– Чую схождение. Начинается. Три, два, один, ноль, пусто… – произнёс он и замер, прекратив раскачиваться, как кобра перед дудочкой йога.
Бальтазар в испуге огляделся, но пока ничего не происходило. Неподвижный Адольф усердно делал бесстрастное лицо, но это было одно притворство: он легонько морщился, вдыхал, выдыхал, снова пытаясь успокоиться. Не получалось. Под нацепленной маской спокойствия словно зудело, и через неё всё отчётливее проступало страстное ожидание настоящего умиротворения.
Тихо заскулив, кряхтя и морщась, Адольф распластался на полу.
Вдруг что-то послышалось.

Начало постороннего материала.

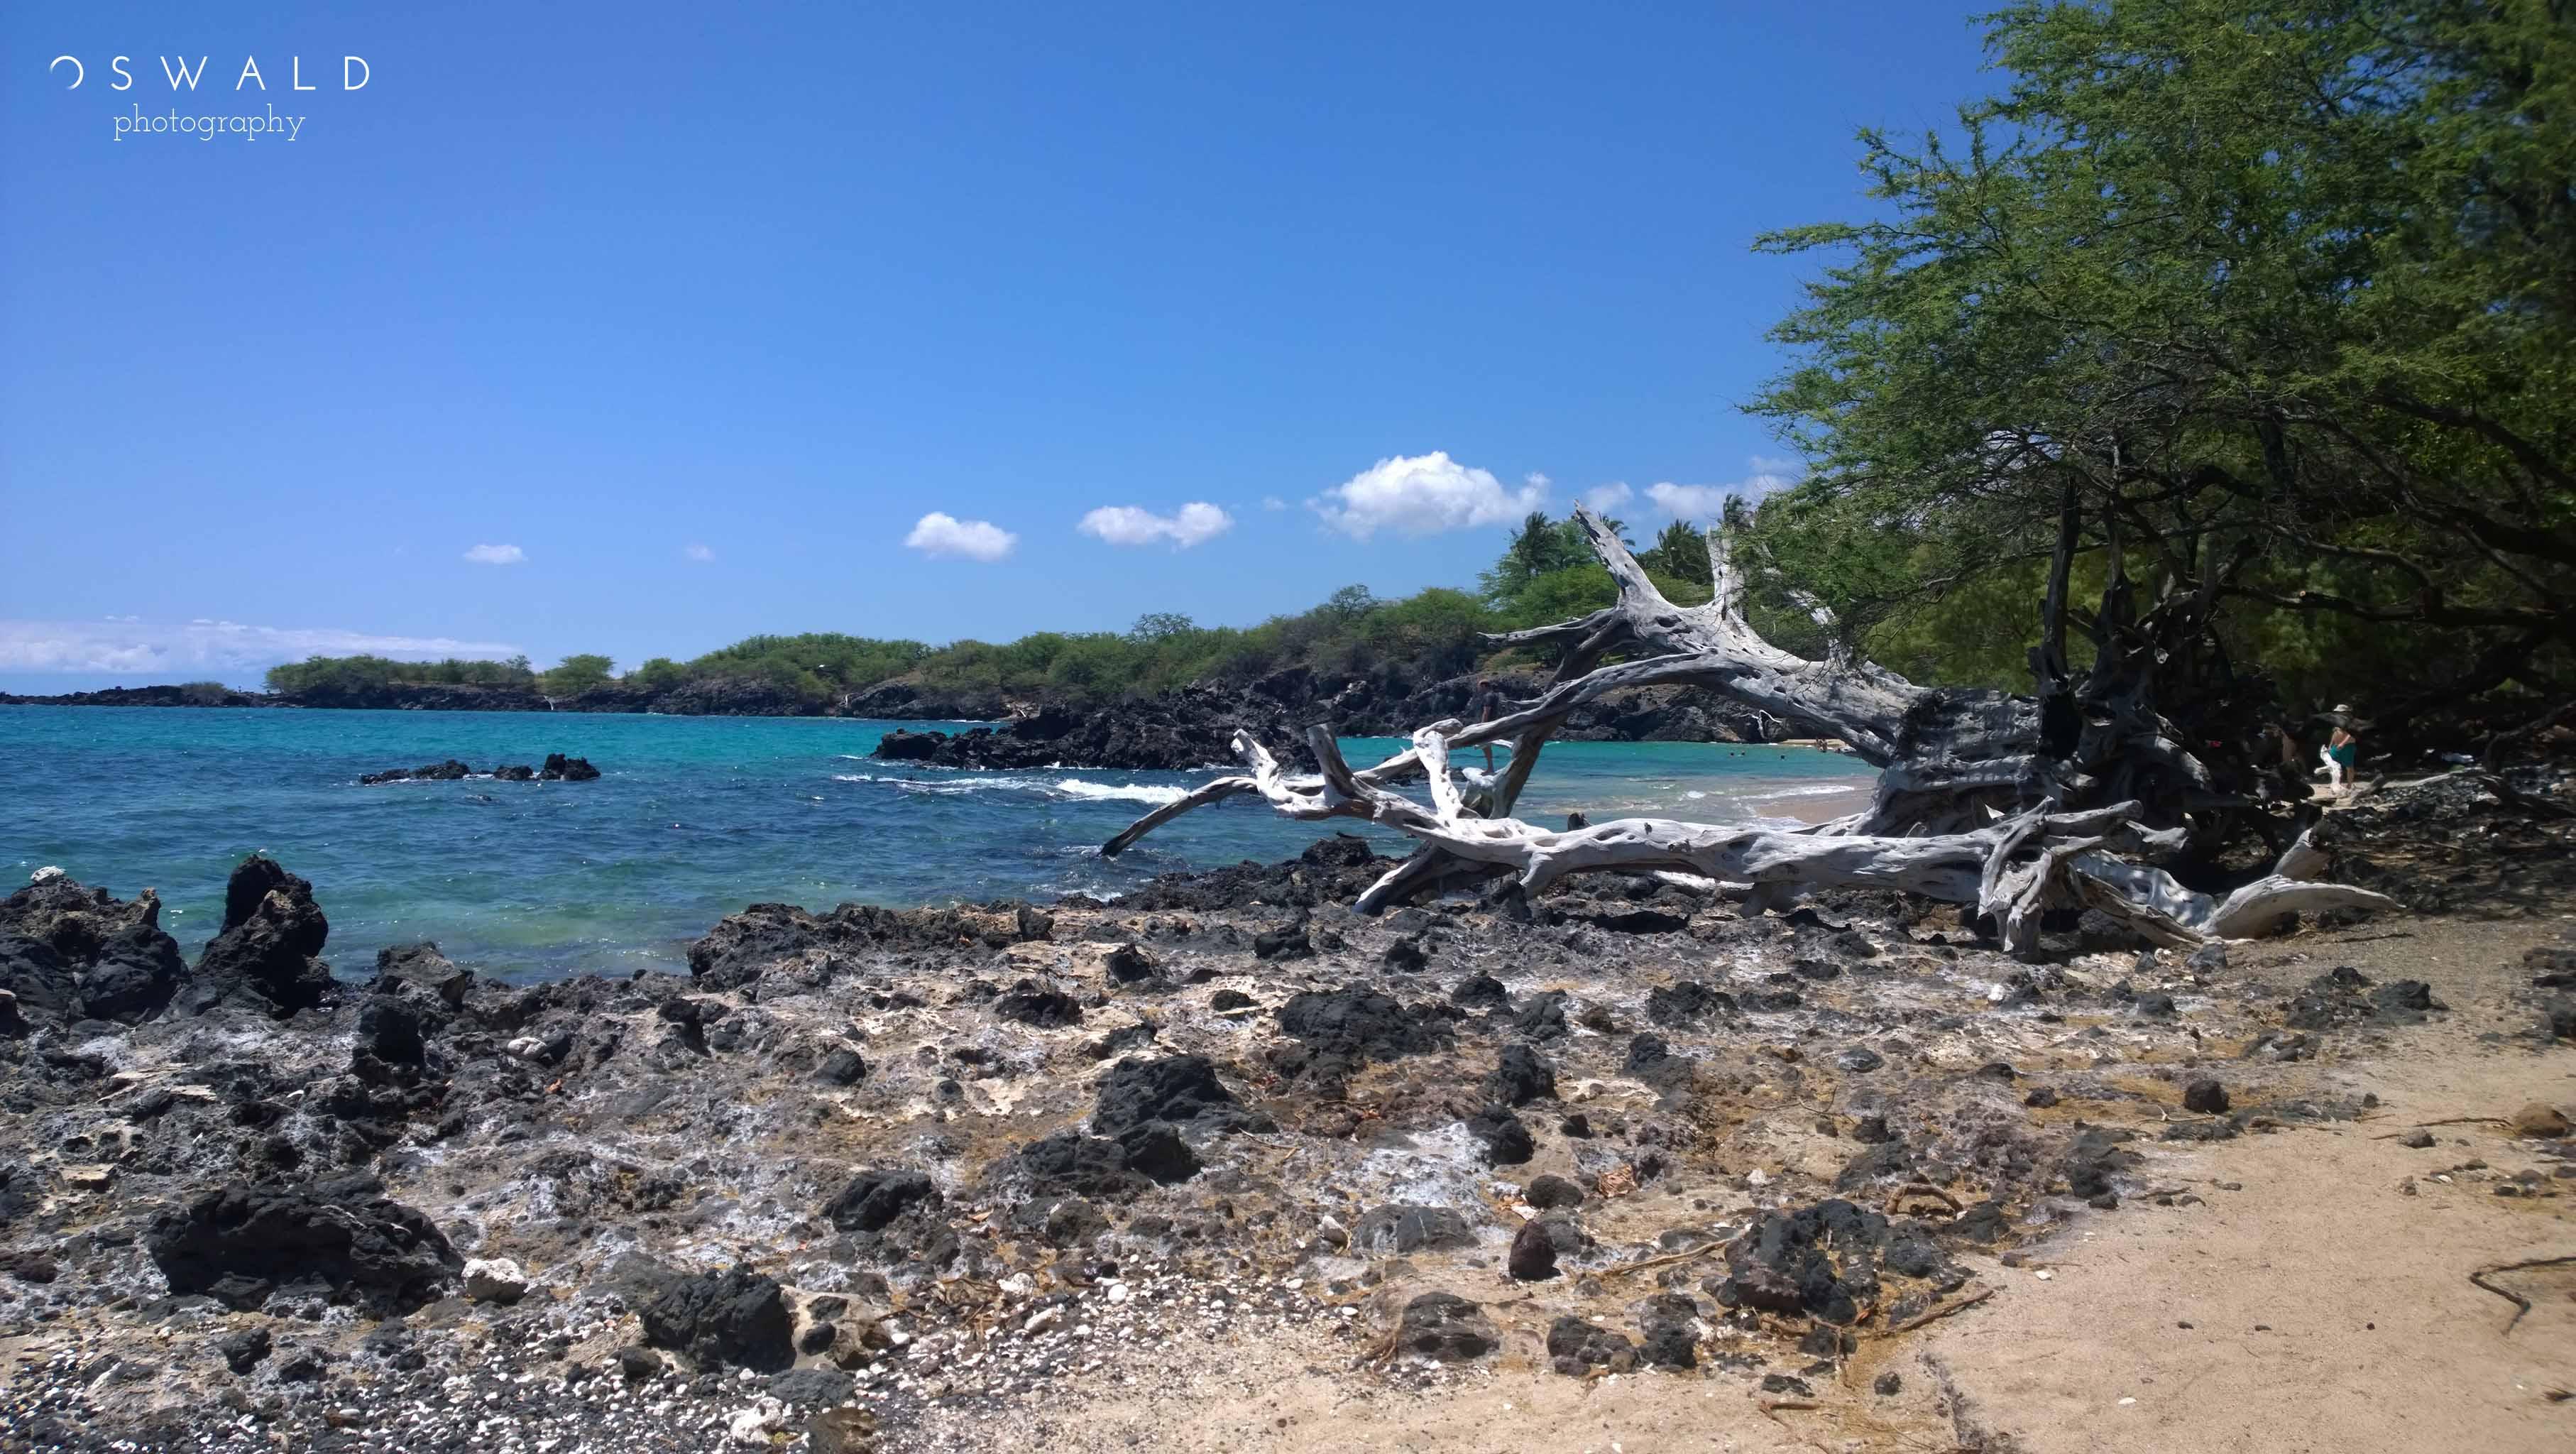 A landscape photo of Hapuna Beach on the Big Island of Hawaii.

Началось! Вскочив, Бальтазар хотел броситься к бывшей двери, биться в неё, звать на помощь, но не смог. Крик застрял комом, ноги онемели и словно приросли к полу. Он ясно различил тихое и от этого ещё более страшное шипение, будто к ним вползало неведомое и невидимое чудовище.
Прислушиваясь, Бальтазар закрутил головой, пытаясь отыскать источник зловещего звука. Сверху, шипело оттуда… Он поднял голову и всмотрелся. И сразу по глазам ударила режущая боль. Он вскрикнул. Хлынули слёзы, попытавшись вымыть жгучий яд из-под обожжённых век. Перед глазами помутилось. В горле запершило так, будто туда вонзилась сотня гвоздей. Камера в один миг превратилась в эшафот палача. Сообразив не дышать, с силой сжав веки, он кинулся к двери, но тут же споткнулся о распростёртое тело.
Падая, на миг приоткрыв глаза, он увидел, что под ногами змеёй извивается переползший сюда Адольф. Вряд ли тому было так хорошо, как он рассчитывал. Похоже, он бился в агонии, катаясь по полу, бормоча и вскрикивая. Бальтазар грохнулся рядом.
– Обманул гад, и меня обманул, – всхлипывал и причитал Адольф. – Что-то не то подсунул. Всё чую, каждым нервом трепещу, антинирвана, боль, страх, ненависть. Скотина. Боров. На пороге вечности отомстил. Молодец!
«Зачем? Ответишь же! – со злым недоумением подумал Бальтазар. – Вряд ли это Вернер – у того карма. Самоуправствует боров».
Вдруг его осенило: «Сунул нос в Елизаветин отчёт, позаимствовал идею. За ночь состряпал?! Уж не там ли, где наркотик варят?! Взять бы тебя за жабры и на допрос…» Но никакого удовлетворения замечательная догадка не принесла.
Более не выдержав, он приткнул губы к самому полу и, сипя, осторожно вдохнул ртом. В горле заработали ножи мясника. Но терпеть их было чуть легче, чем не дышать. С облегчением, преодолевая режущую боль, он вдохнул ещё раз. Открыл глаза, поморгал. Здесь внизу жить ещё было можно. Отвернувшись от Адольфа с его стонами и проклятиями, он подслеповато – через залитые слезами узенькие щёлки глаз – высматривал дверь. Нет её. И не добраться туда: вроде бы близко, но так далеко. Выхода нет, метания никчёмны. Сдерживая дыхание, он глотнул ещё воздуха, наполнив лёгкие жгучим ядовитым паром.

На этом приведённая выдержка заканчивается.